Anybody know if that's still true? I would definitely consider traveling there to get those seeds.


----------



## John Public

Hello LegendaryGenetics, I had not seen this topic 

I copy/paste my former post + some informations:

I have seeds said to be Panama red circa 1974. It grows pure sativa, 12-16 weeks of flowering, red buds, deep high, particular smell, some may hermie but not too many. The seeds are very small and brown.

Friends did a small planning to try to maintain the line. The seeds they received were from the first generation done in California since 1974. Then they reproduced 12 individuals together in a first step and kept 6 seeds to reproduce them with 19 of the progeny in a second step. The strain was dramatically stable. I have seeds resulting from the cross between the 6 first generation and the 19 second generation. 

This Panama red '74 was also used as parental line by the spanish collective ACE Seeds to breed their Panama strain. But I think they mostly used their Panama green and a modern Panama landrace to do their work. However, some red phenos appear in their line.

This Panama '74 is a great line, with a very interesting high, quite potent. I believe that it is at least an old colombian red line, if not the true Panama red. Always hard to know after all these years 
	

	
	
		
		

		
		
	


	




 Some people believe it produces too much for an old school landrace, honestly I don't know. The guy who made the biggest buds in our group has the same effect on all landraces he tried, so I suppose it is just because he is a great grower. 

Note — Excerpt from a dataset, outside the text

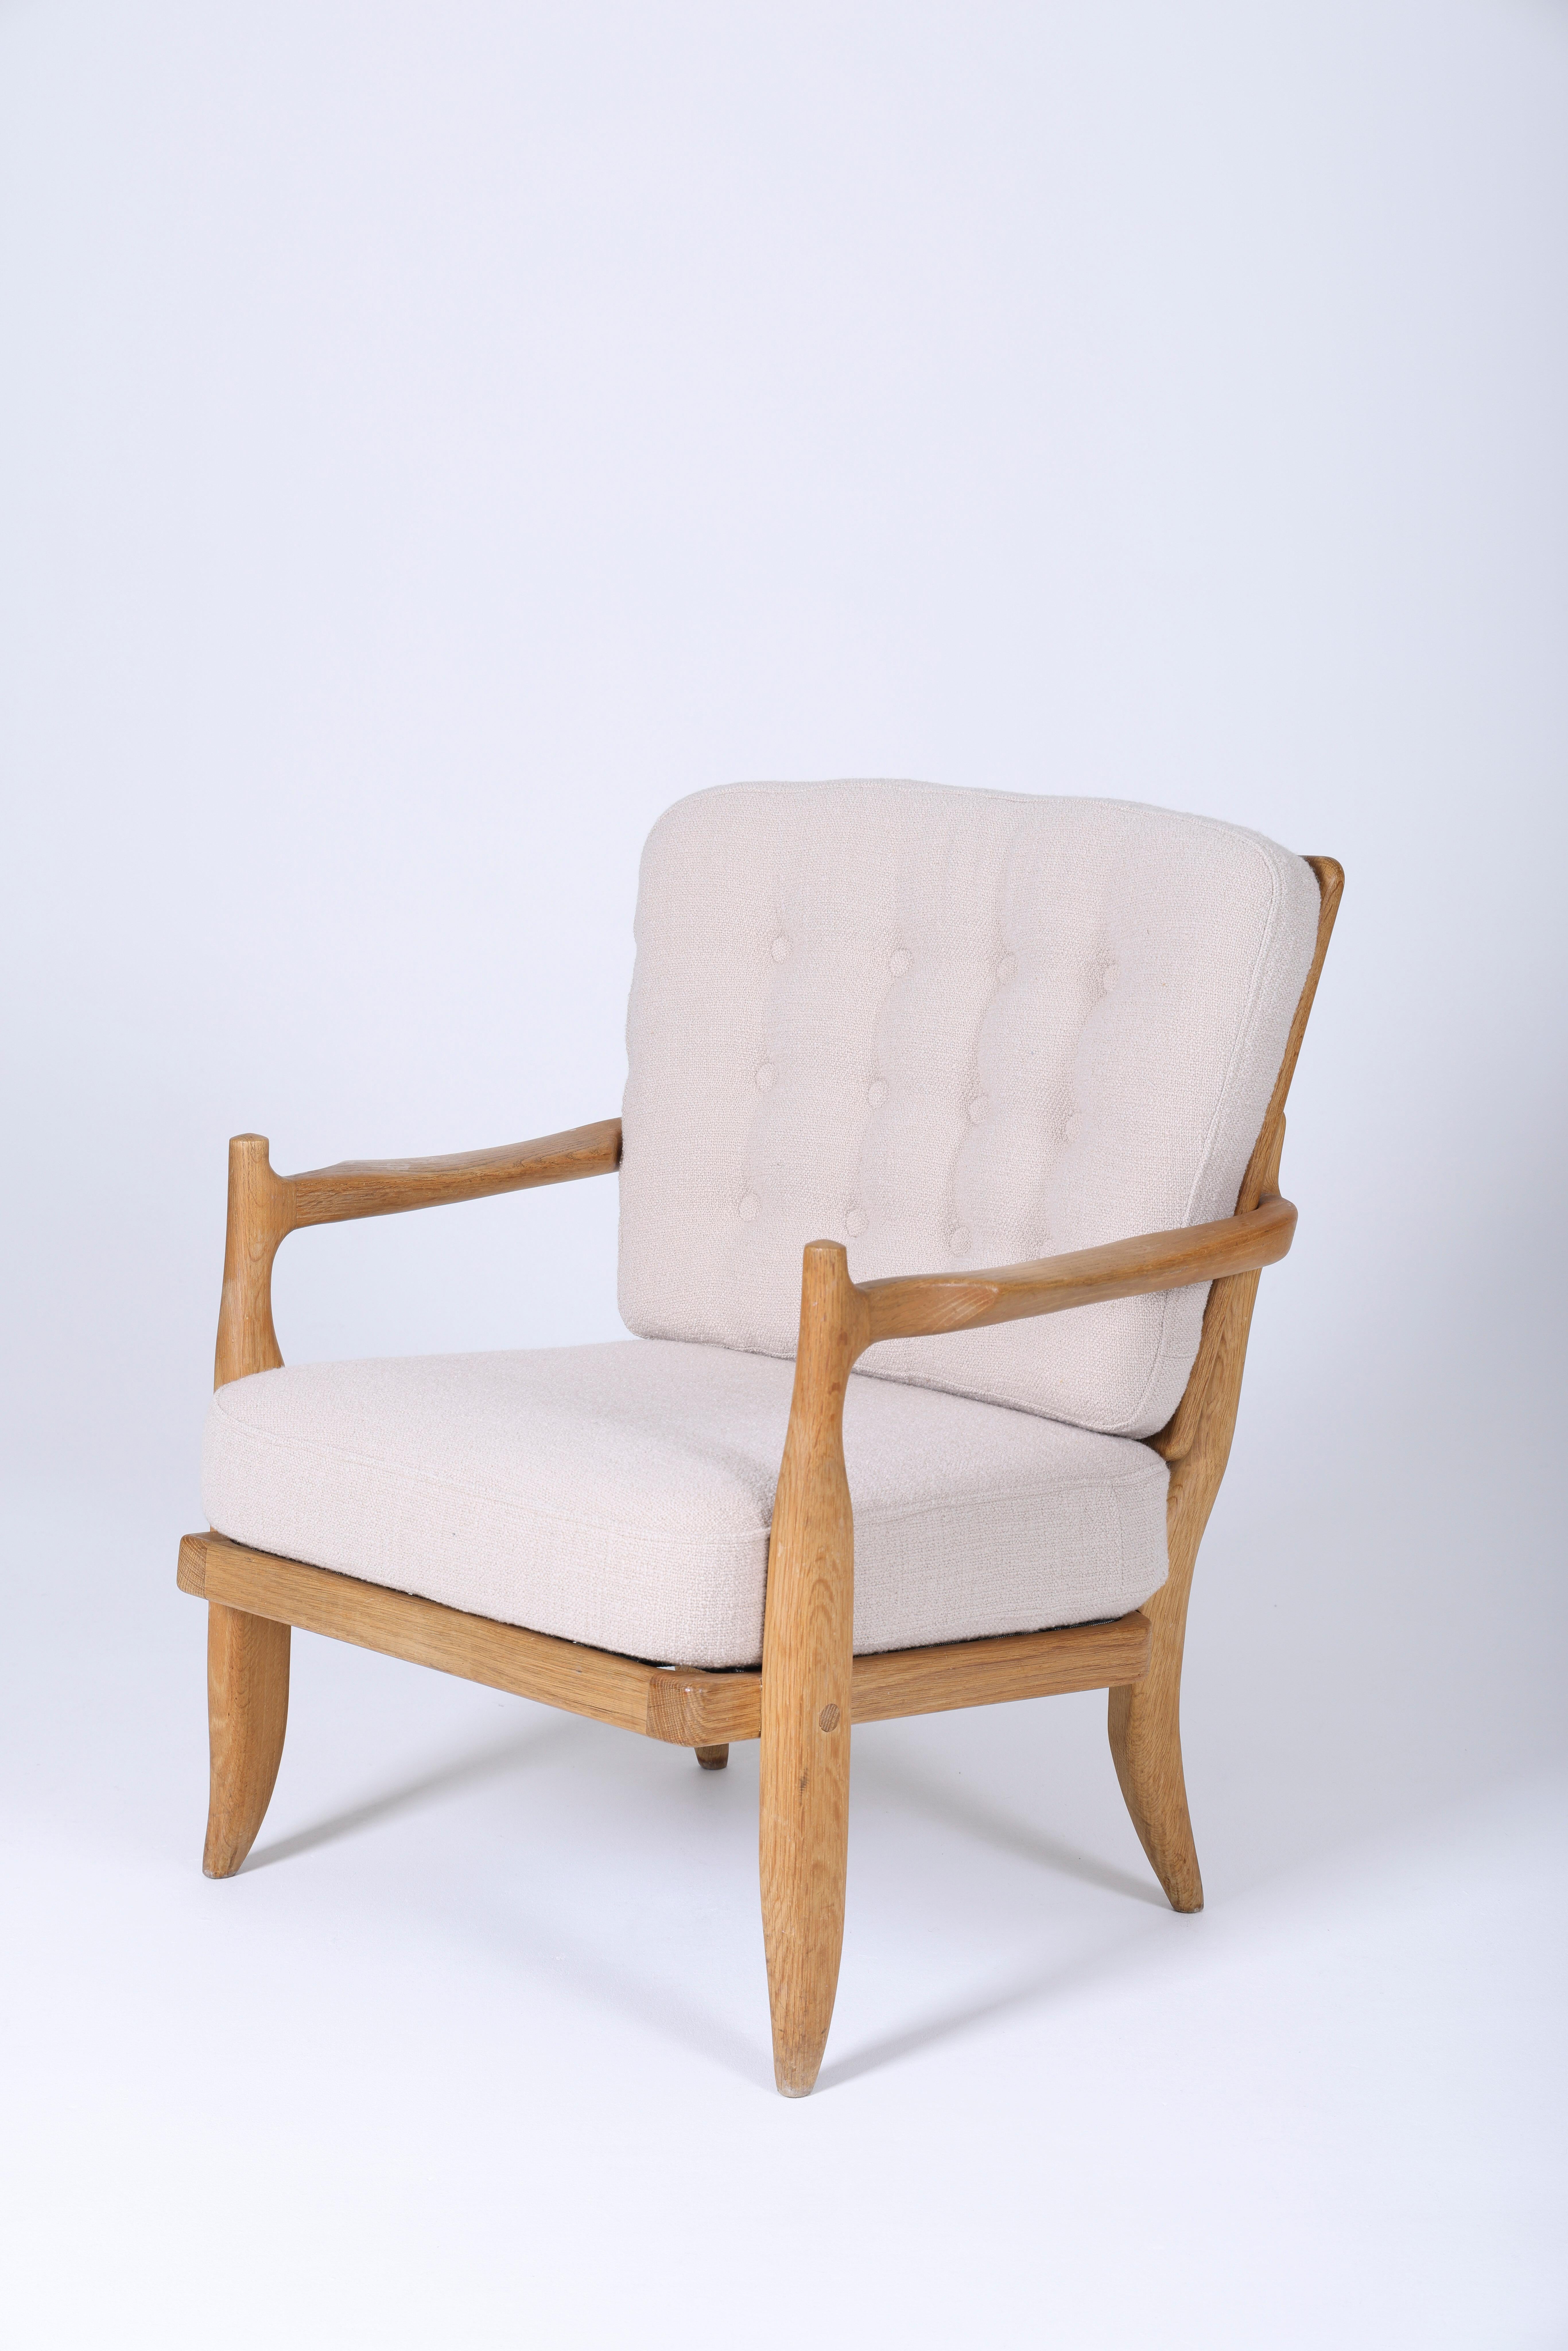 Knitting Armchair by Robert Guillerme and Jacques Chambron, published by Votre Maison, 1960. Oak structure, seat and back completely reupholstered in Dedar's Perfect Flower fabric. Very good condition.
LP585

Here are some pics of the Panama in vegetative stage
​


----------



## John Public

And here are some pics of Panama flowers


----------



## Mutt

absolutely gorgeous. 
Senstive plant to grow? and how were they grown? organic or chem?


----------



## KGB30

Man I know it's morning time but DAM John Paul you make my lips wet with those ladies.:ccc: :bolt: :headbang2: :bong: :joint: :bongin: :afroweed: :bong1: :afroweed: :lama:


----------



## John Public

Thank you KGB 

Mutt, there are pics of two grows here: one with 250 MH for veg and 250W HPS for flowering, in a small closet (0.6mx0.9mx1.25m), in commercial soil, with sparse fertilizer (twice in veg, 20-20-20 et three times in flowering, 4-6-6). The other with 250 MH for veg and 430W HPS for flowering, in a medium closet (0.9mx0.9mx1.9m) with similar fertilizer (maybe a bit more) and same kind of soil.

She is not the hardest sativa to grow but is still a sativa, so you've to be careful with fertilizer and with overwatering. For example, the smallest grow was done with tap water at the beginning but soon, they became disturbed by it, had to use mineral water to finish the grow.


----------



## KGB30

John Public said:
			
		

> Thank you KGB
> 
> Mutt, there are pics of two grows here: one with 250 MH for veg and 250W HPS for flowering, in a small closet (0.6mx0.9mx1.25m), in commercial soil, with sparse fertilizer (twice in veg, 20-20-20 et three times in flowering, 4-6-6). The other with 250 MH for veg and 430W HPS for flowering, in a medium closet (0.9mx0.9mx1.9m) with similar fertilizer (maybe a bit more) and same kind of soil.
> 
> She is not the hardest sativa to grow but is still a sativa, so you've to be careful with fertilizer and with overwatering. For example, the smallest grow was done with tap water at the beginning but soon, they became disturbed by it, had to use mineral water to finish the grow.


 



I've read that Sativas grow better out doors then Indica because Indica does grow better Indoors is this true or not.  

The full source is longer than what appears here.